##### Given material

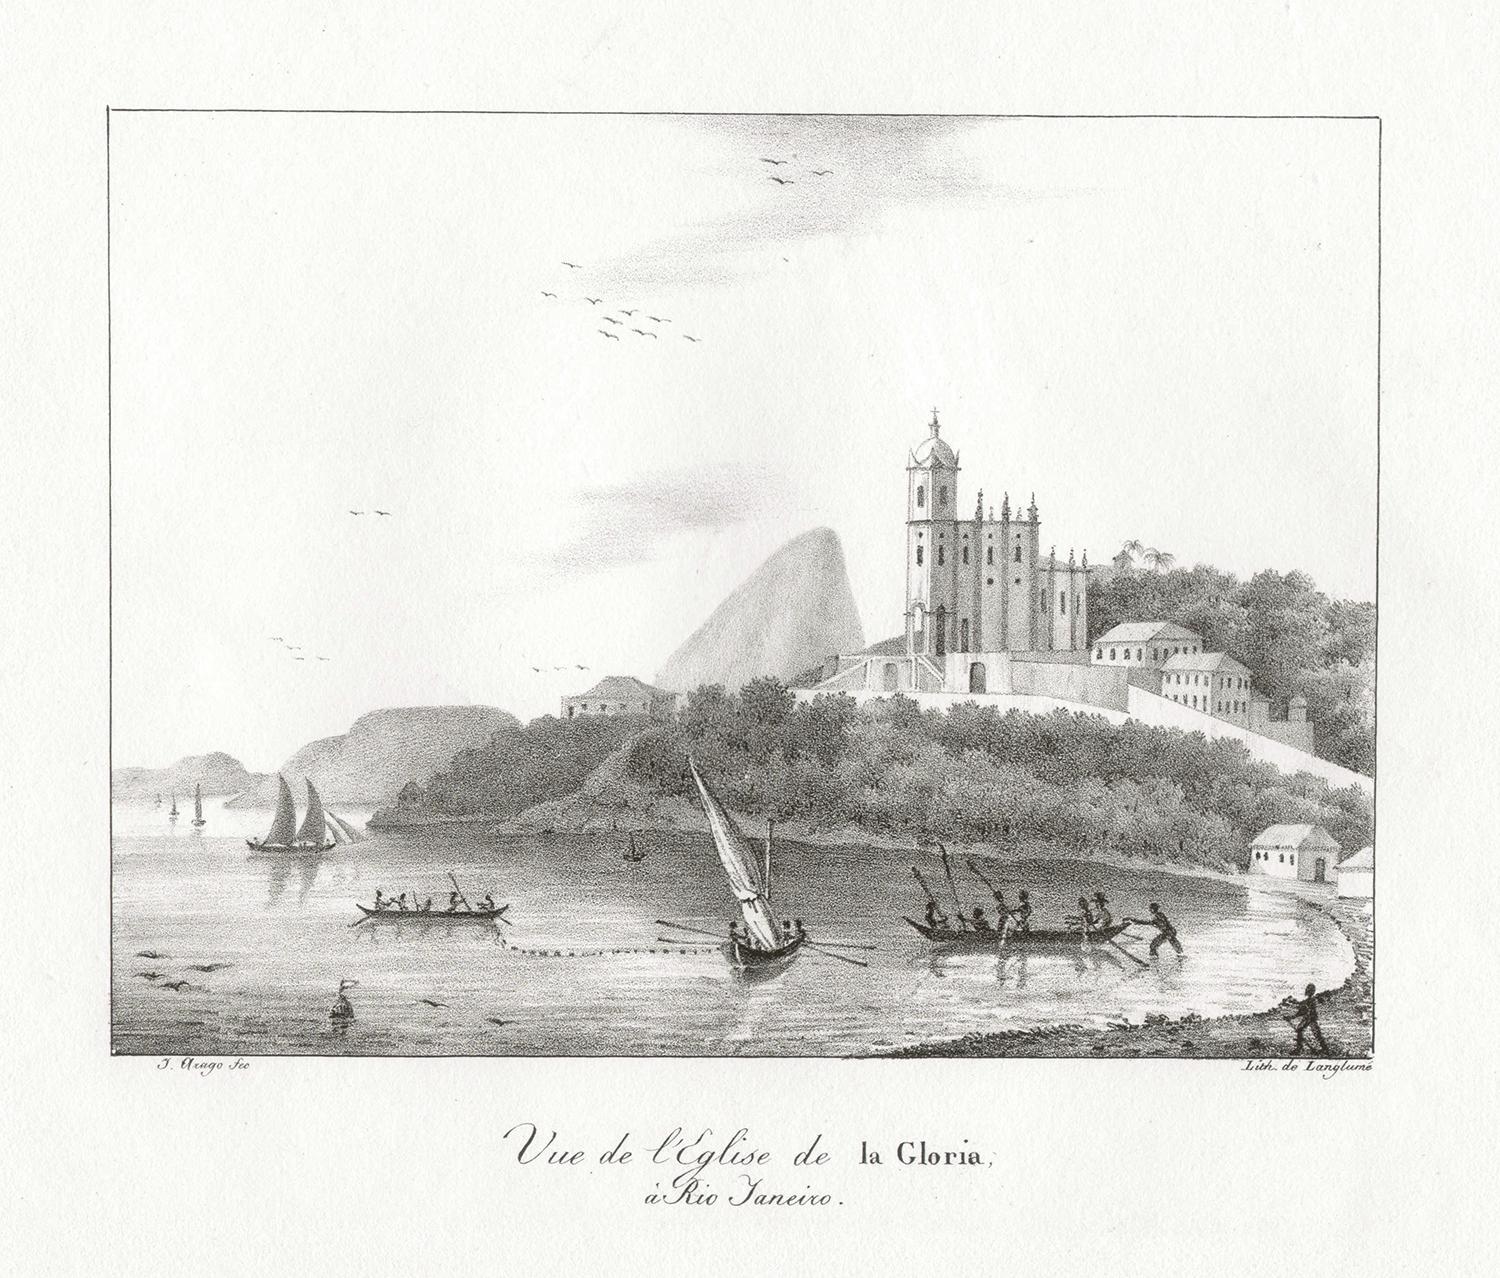 'Vue de l'Eglise de la Gloria a Rio Janeiro', Brazil, Freycinet lithograph
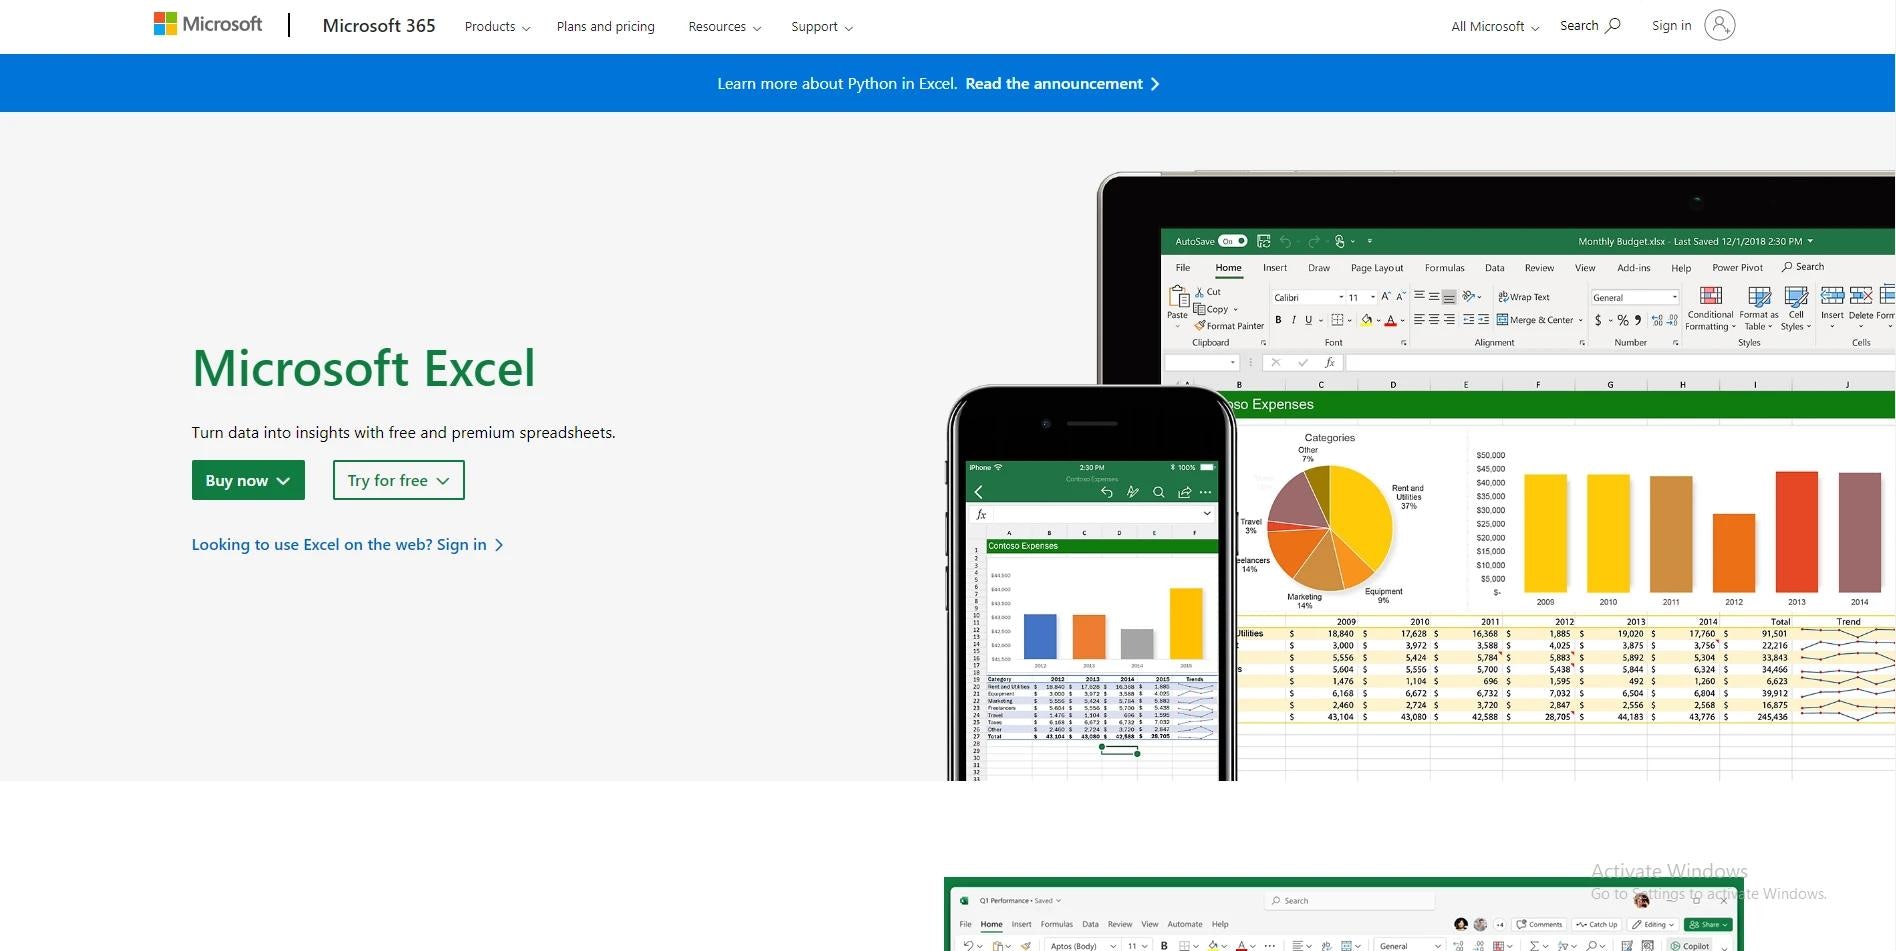 Microsoft Excel data analytics tool
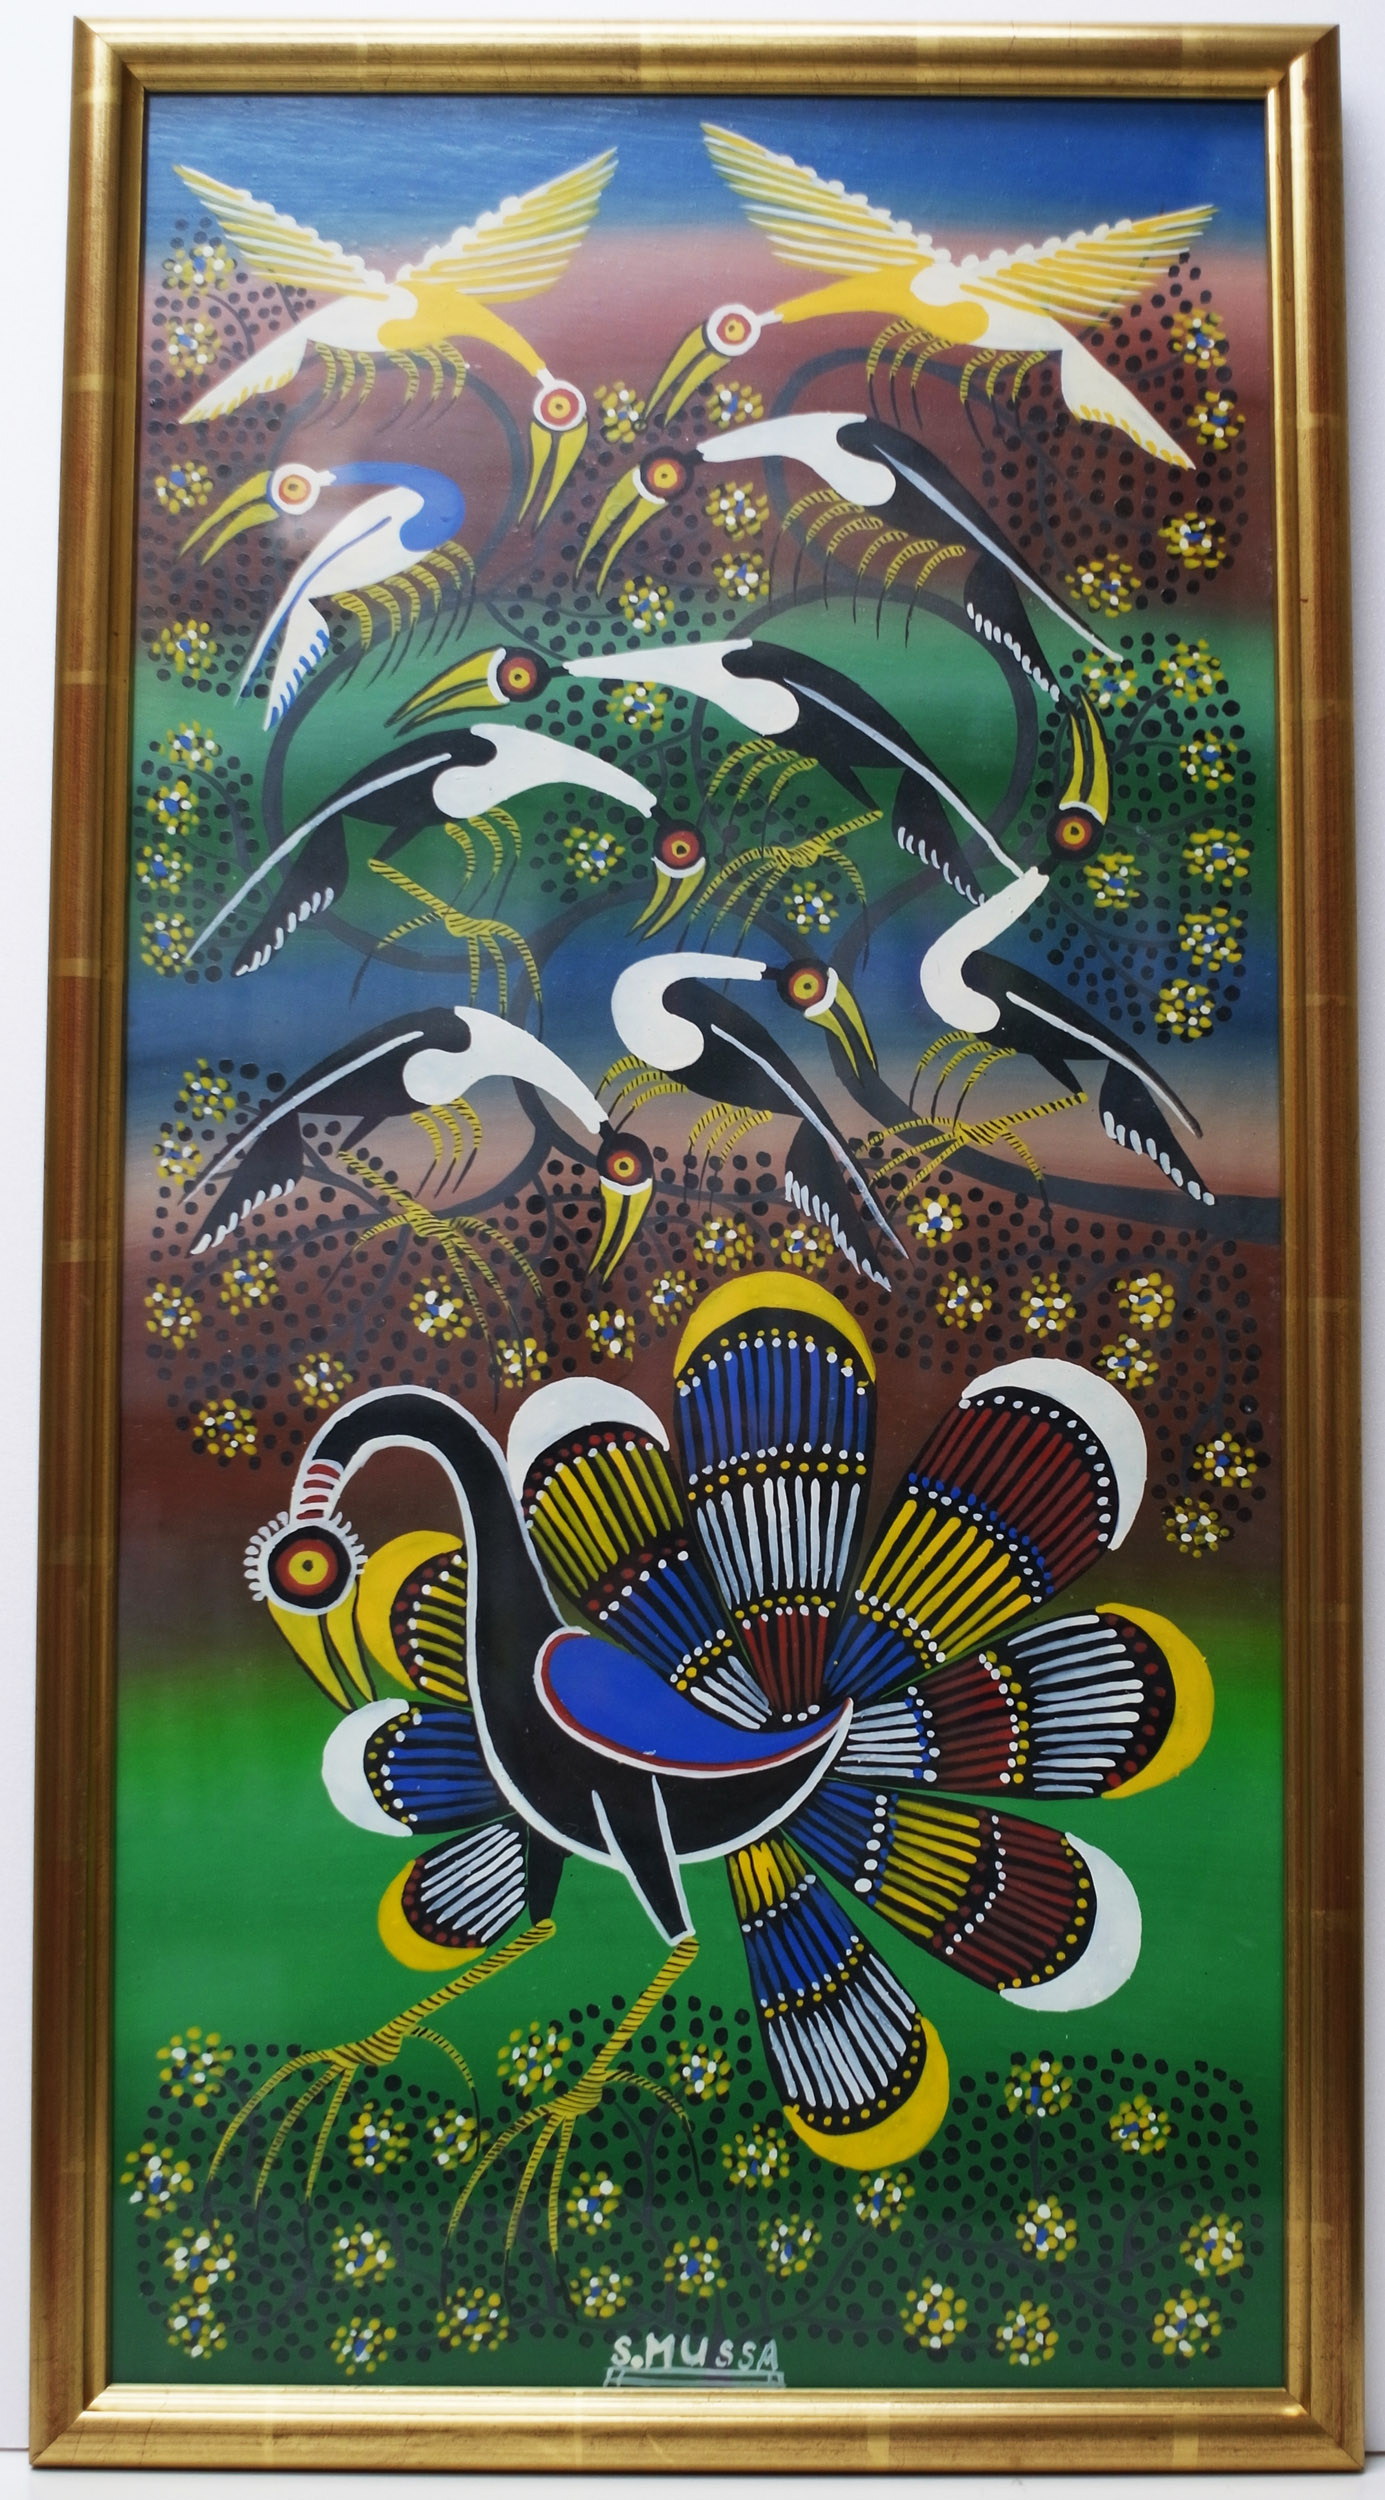 SALUM MUSSA - Peacock (600~300 Framed)

##########

Exercise brief
Since the pictures are not wanted, write out the rest of the data exactly as it reads.

Response to this exercise
 'Vue de l'Eglise de la Gloria a Rio Janeiro', Brazil, Freycinet lithograph
 Microsoft Excel data analytics tool
 SALUM MUSSA - Peacock (600~300 Framed)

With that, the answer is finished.